- _DATASET SECTION_:
----

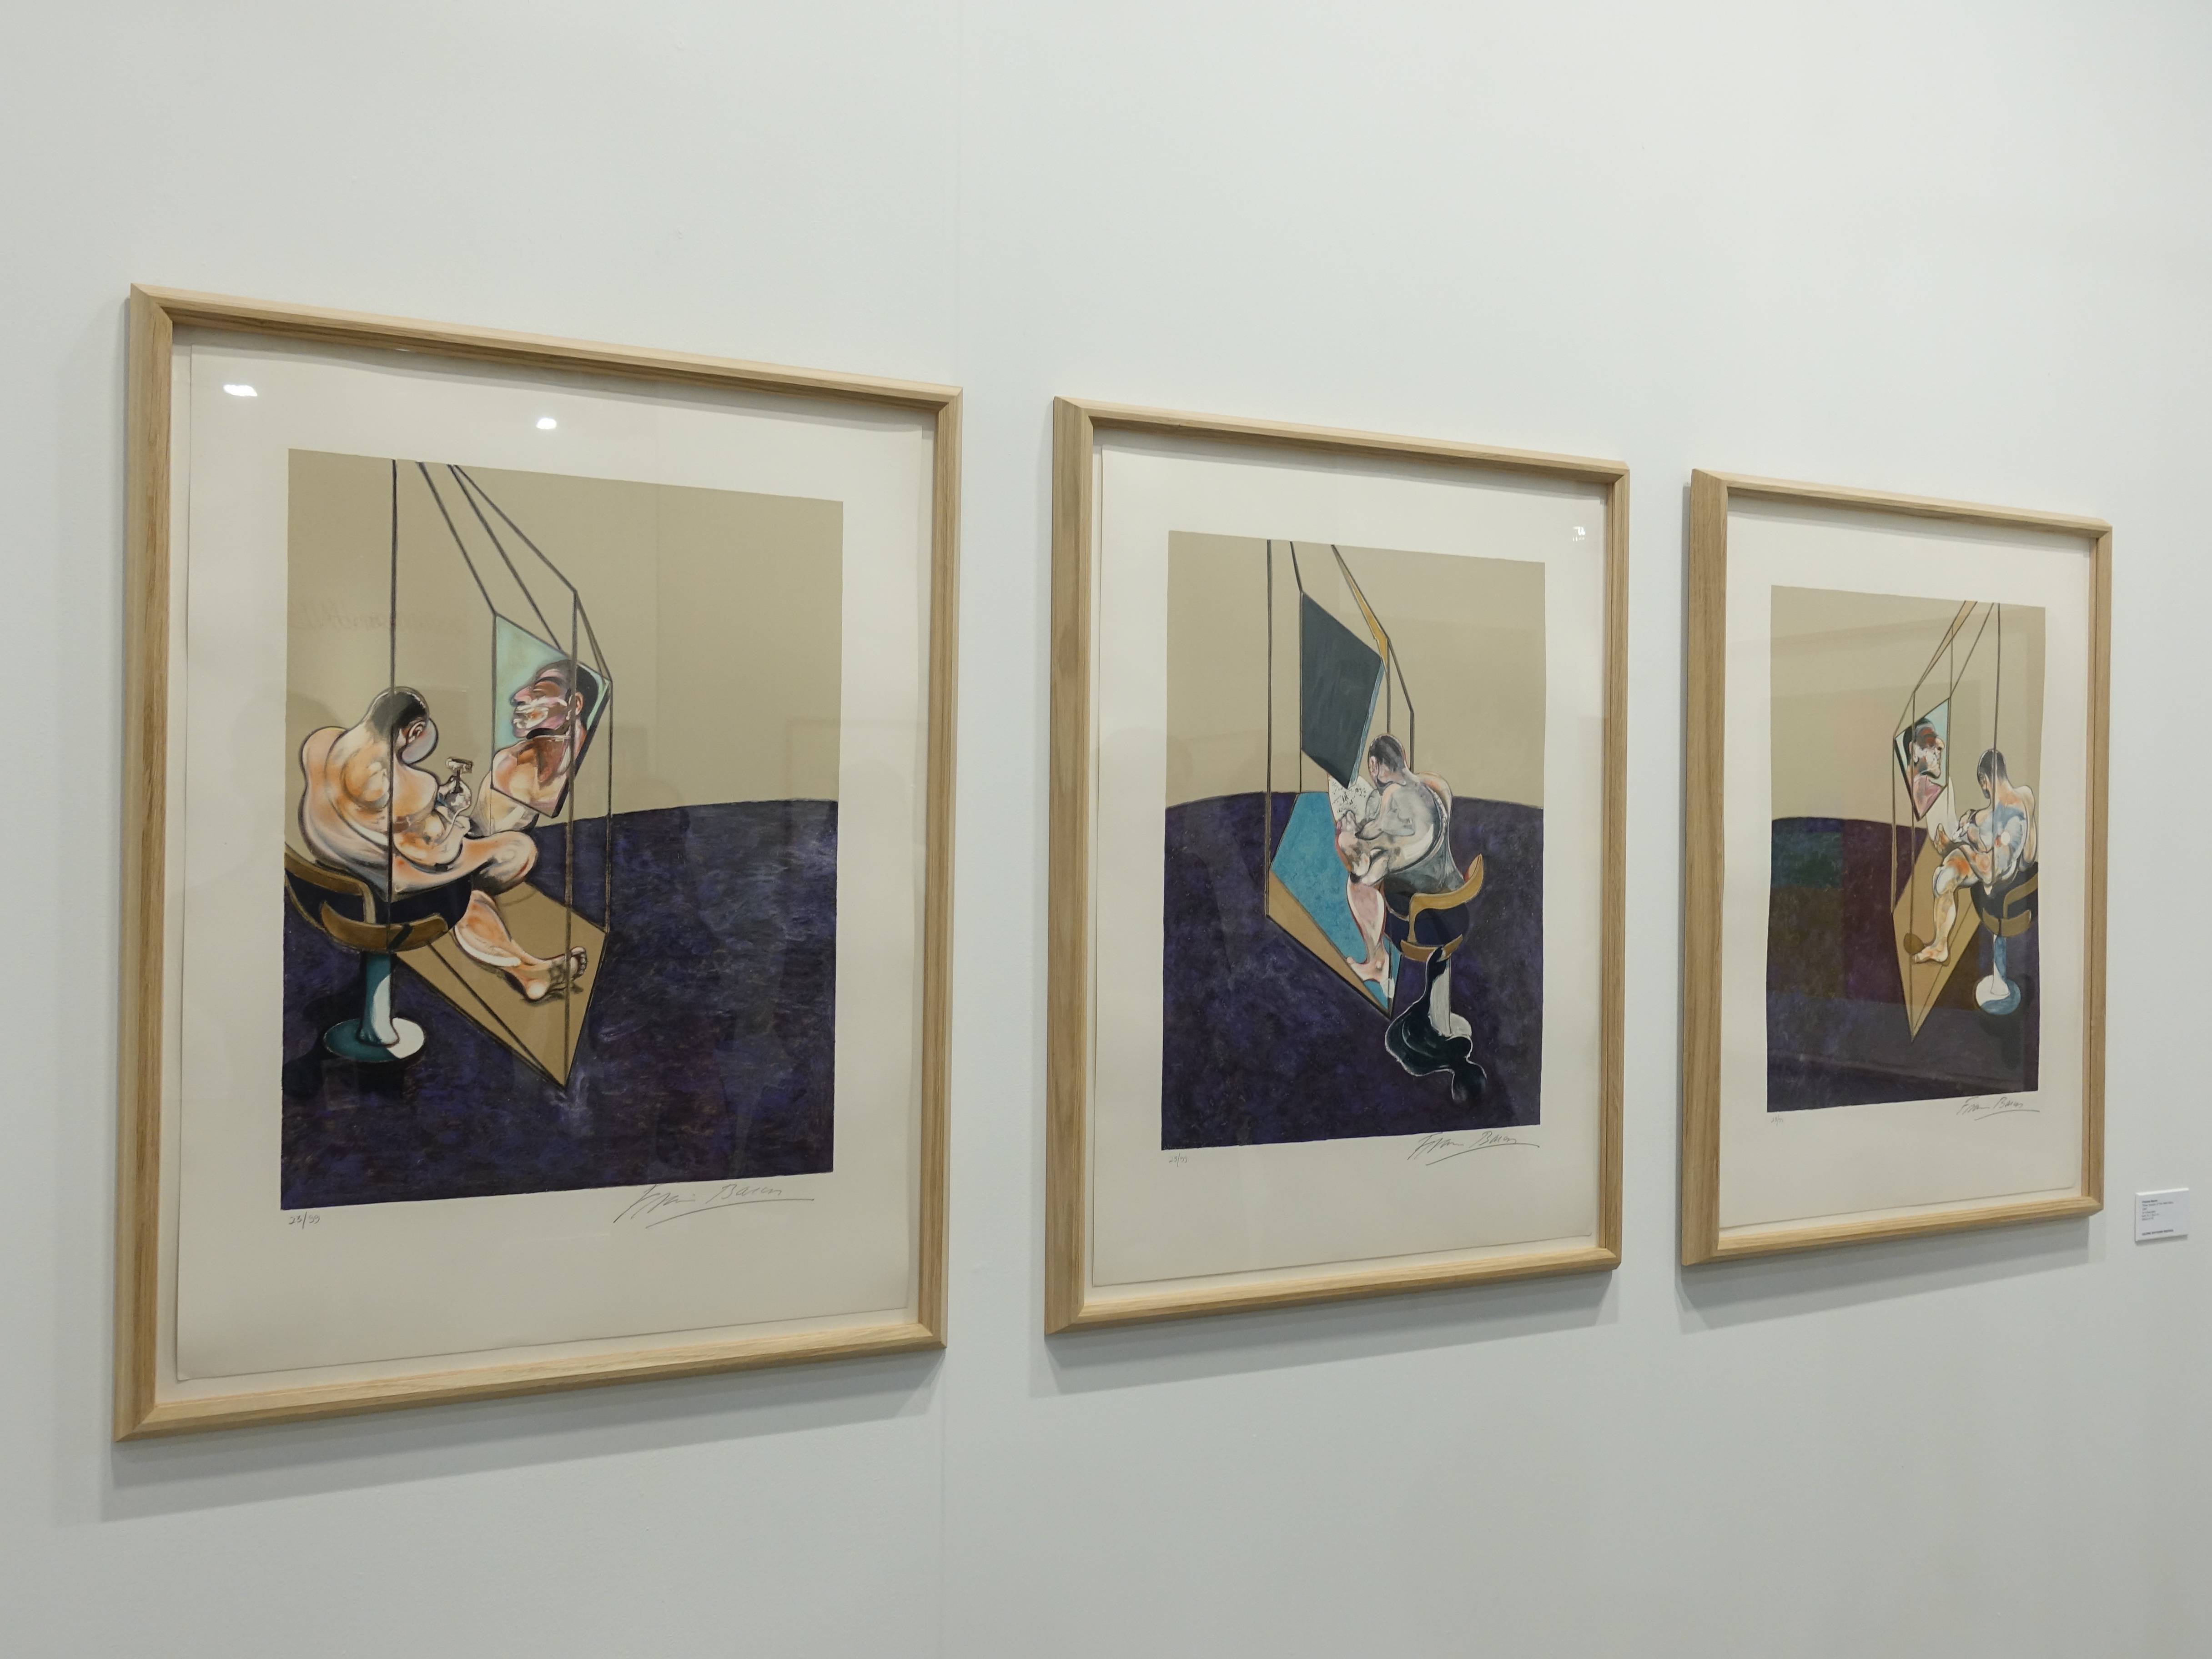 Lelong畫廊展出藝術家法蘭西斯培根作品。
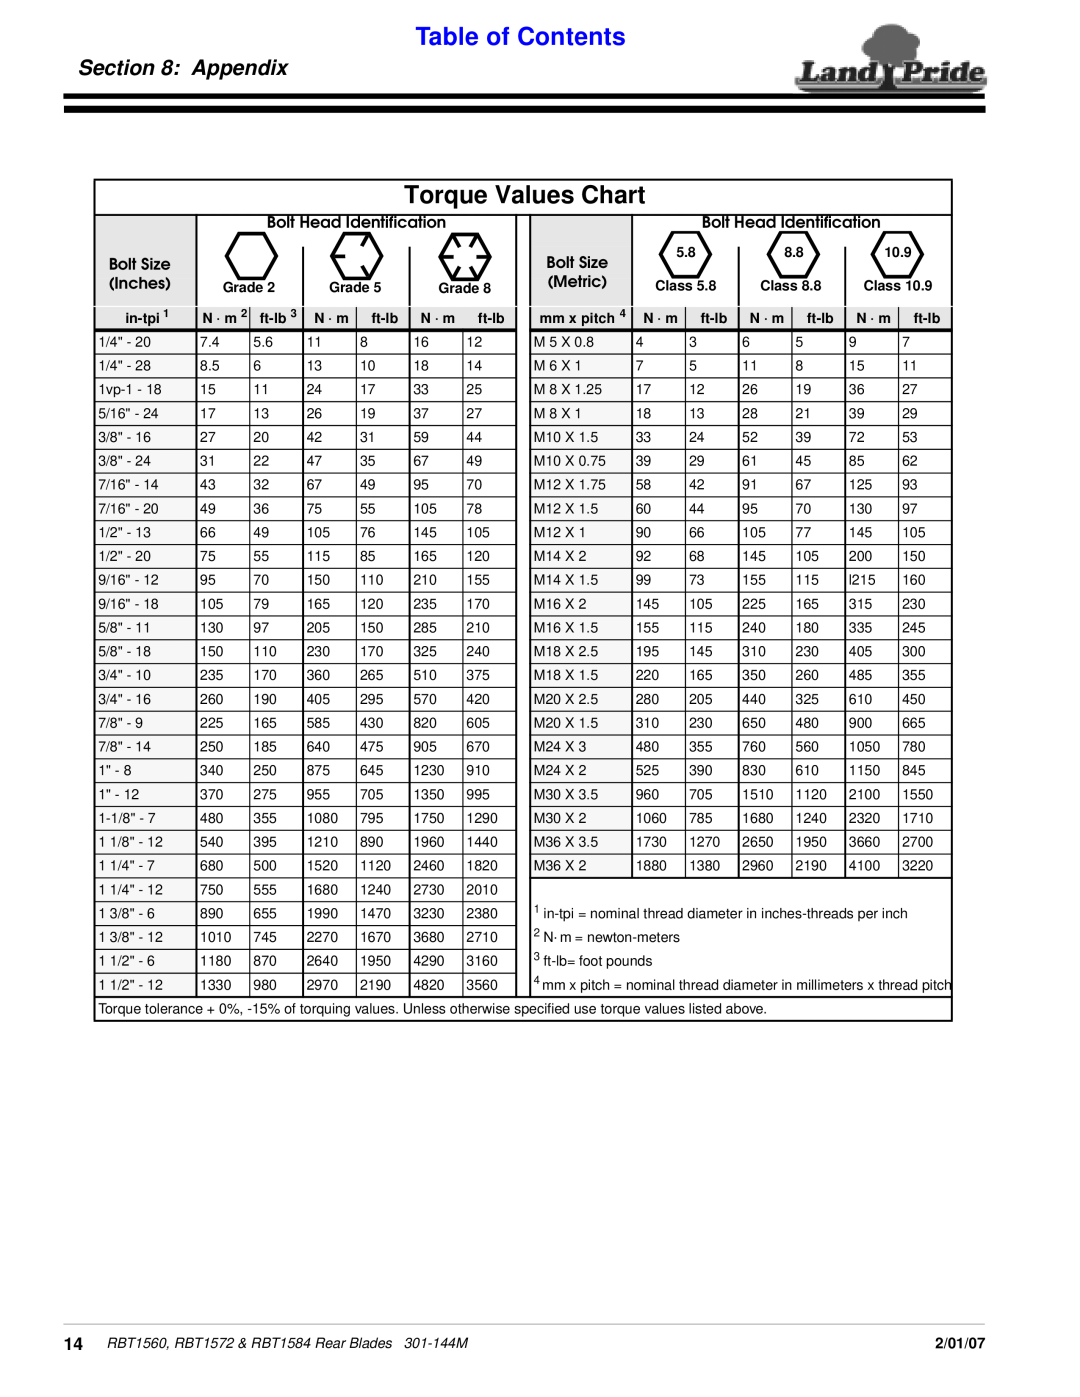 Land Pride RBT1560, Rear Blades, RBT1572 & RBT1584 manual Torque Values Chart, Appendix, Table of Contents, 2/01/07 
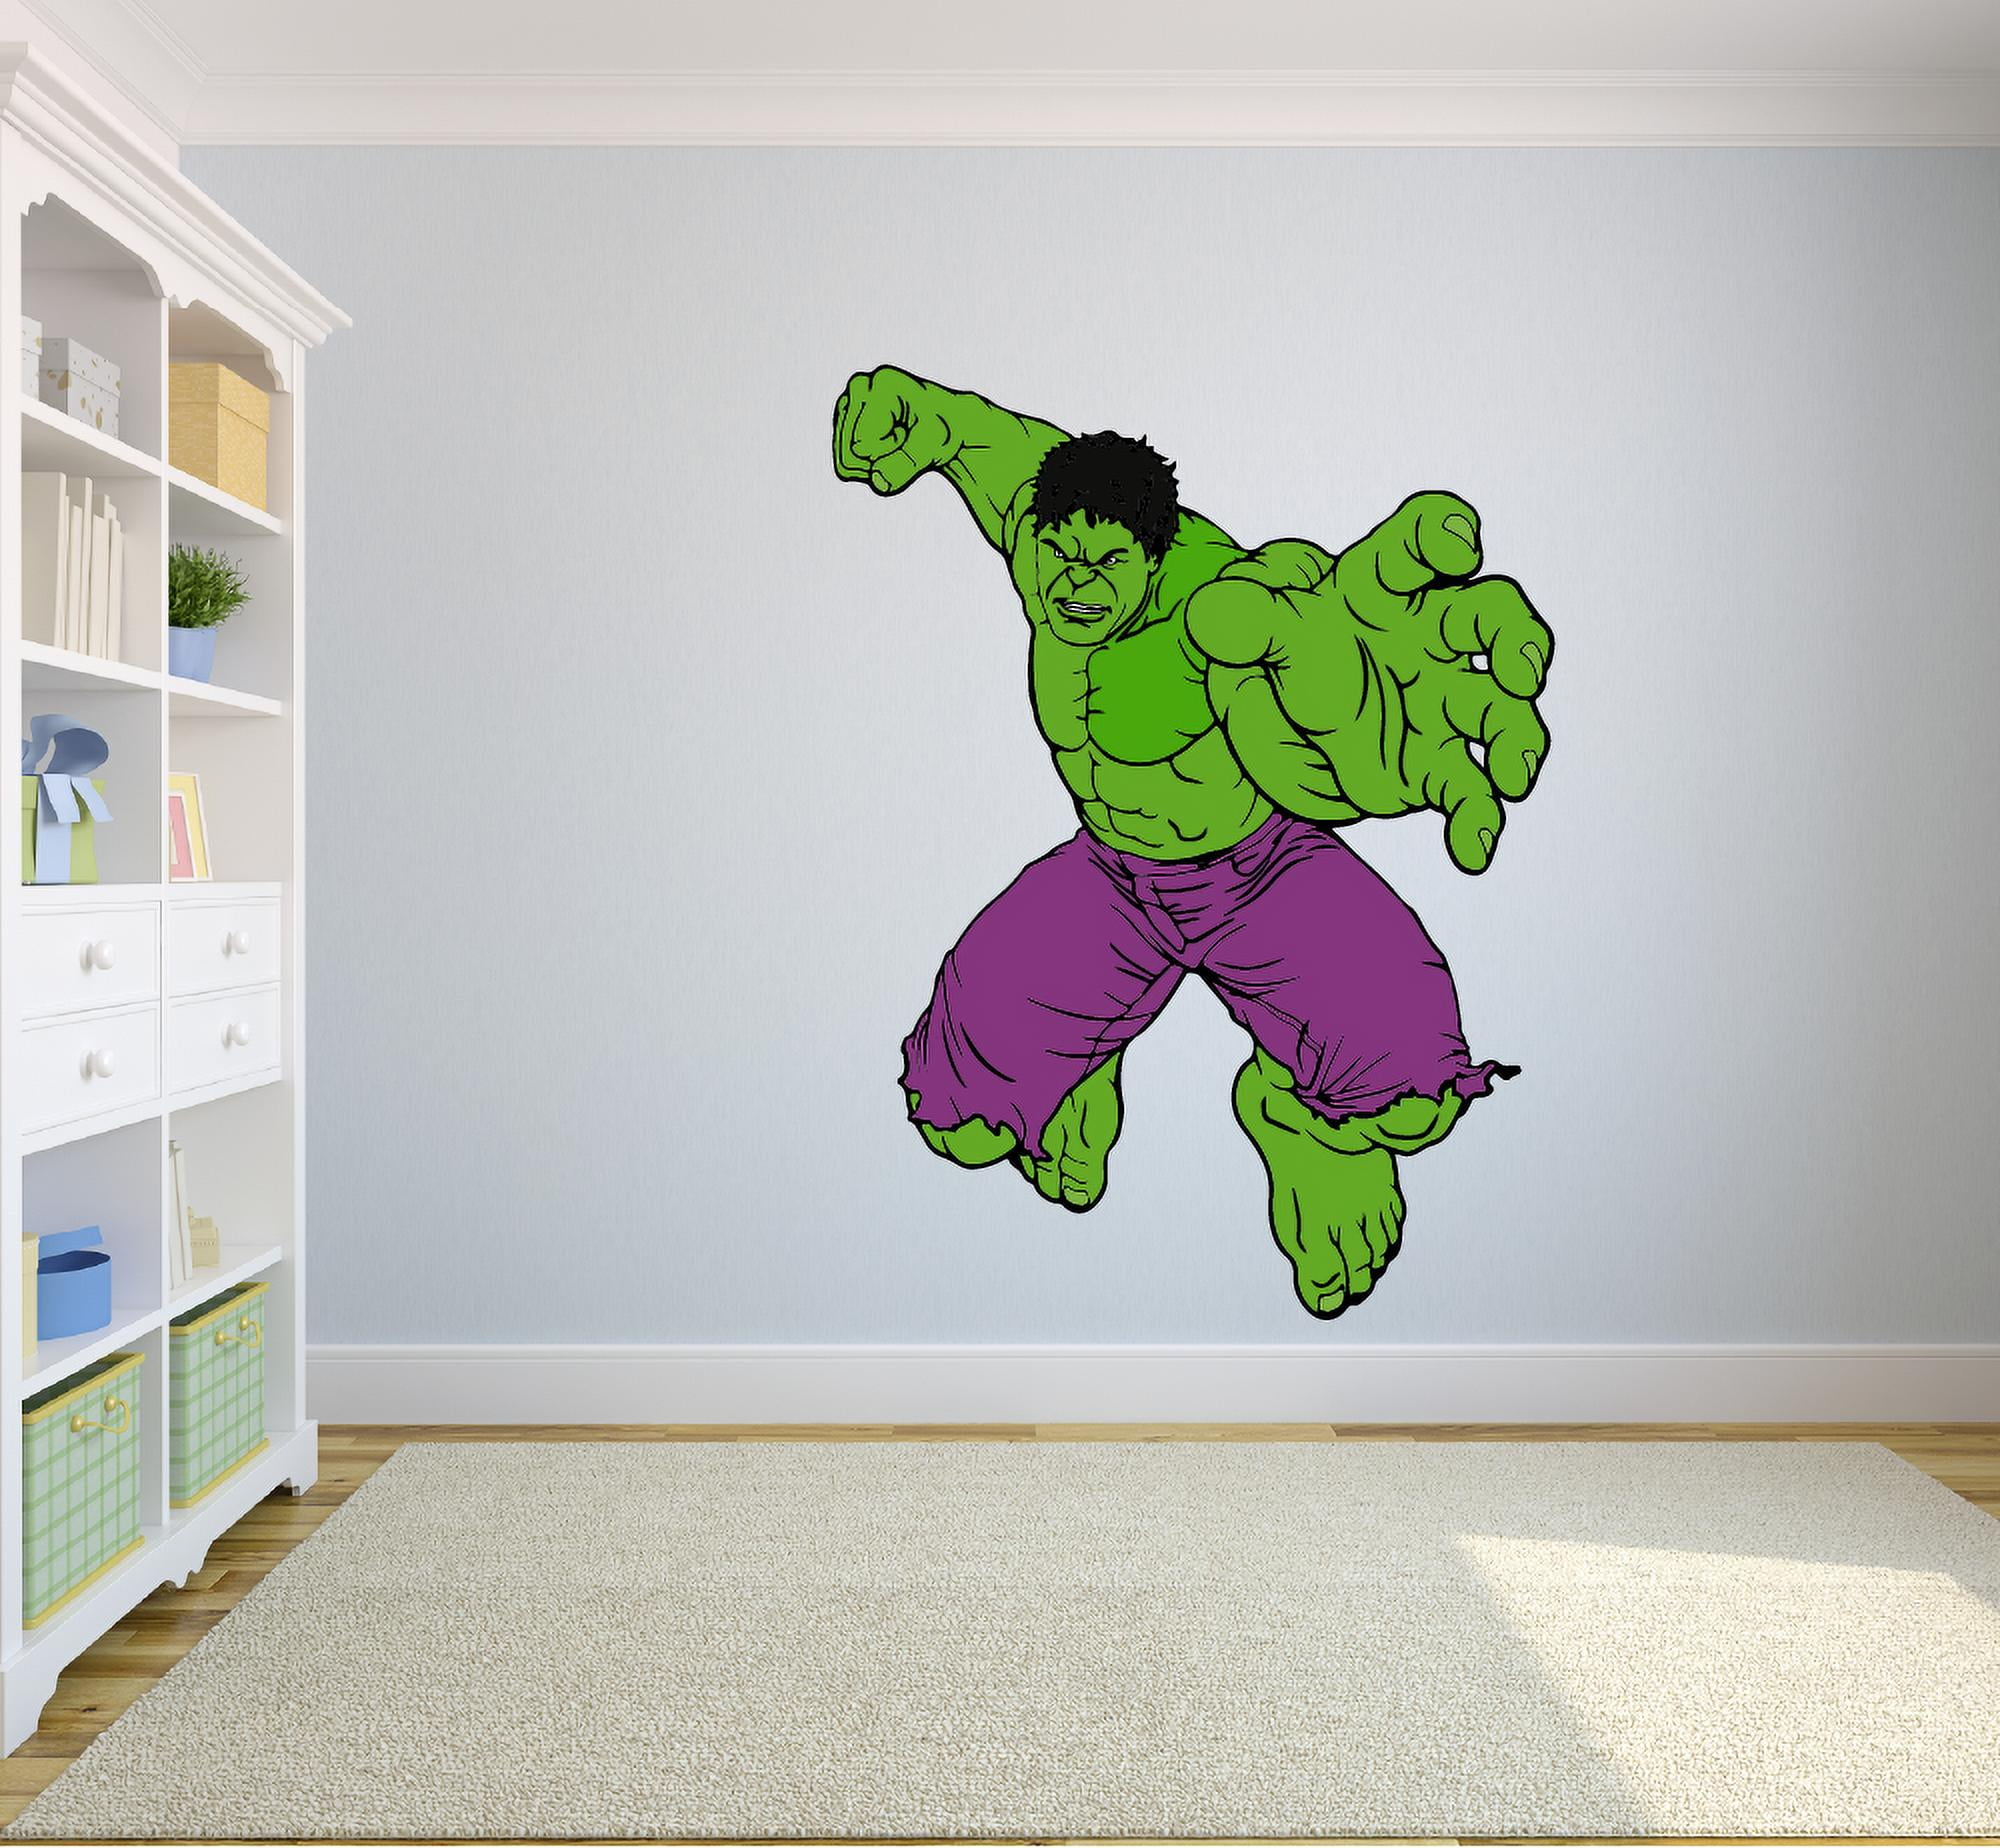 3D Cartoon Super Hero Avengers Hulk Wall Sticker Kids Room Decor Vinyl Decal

----

- _DESCRIPTION OF THE TASK_: Retype word for word all the material given above, and keep the pictures out.

- _SOLUTION TO THE PROBLEM_:
 Lelong畫廊展出藝術家法蘭西斯培根作品。
 Land Pride RBT1560, Rear Blades, RBT1572 & RBT1584 manual Torque Values Chart, Appendix, Table of Contents, 2/01/07 
 3D Cartoon Super Hero Avengers Hulk Wall Sticker Kids Room Decor Vinyl Decal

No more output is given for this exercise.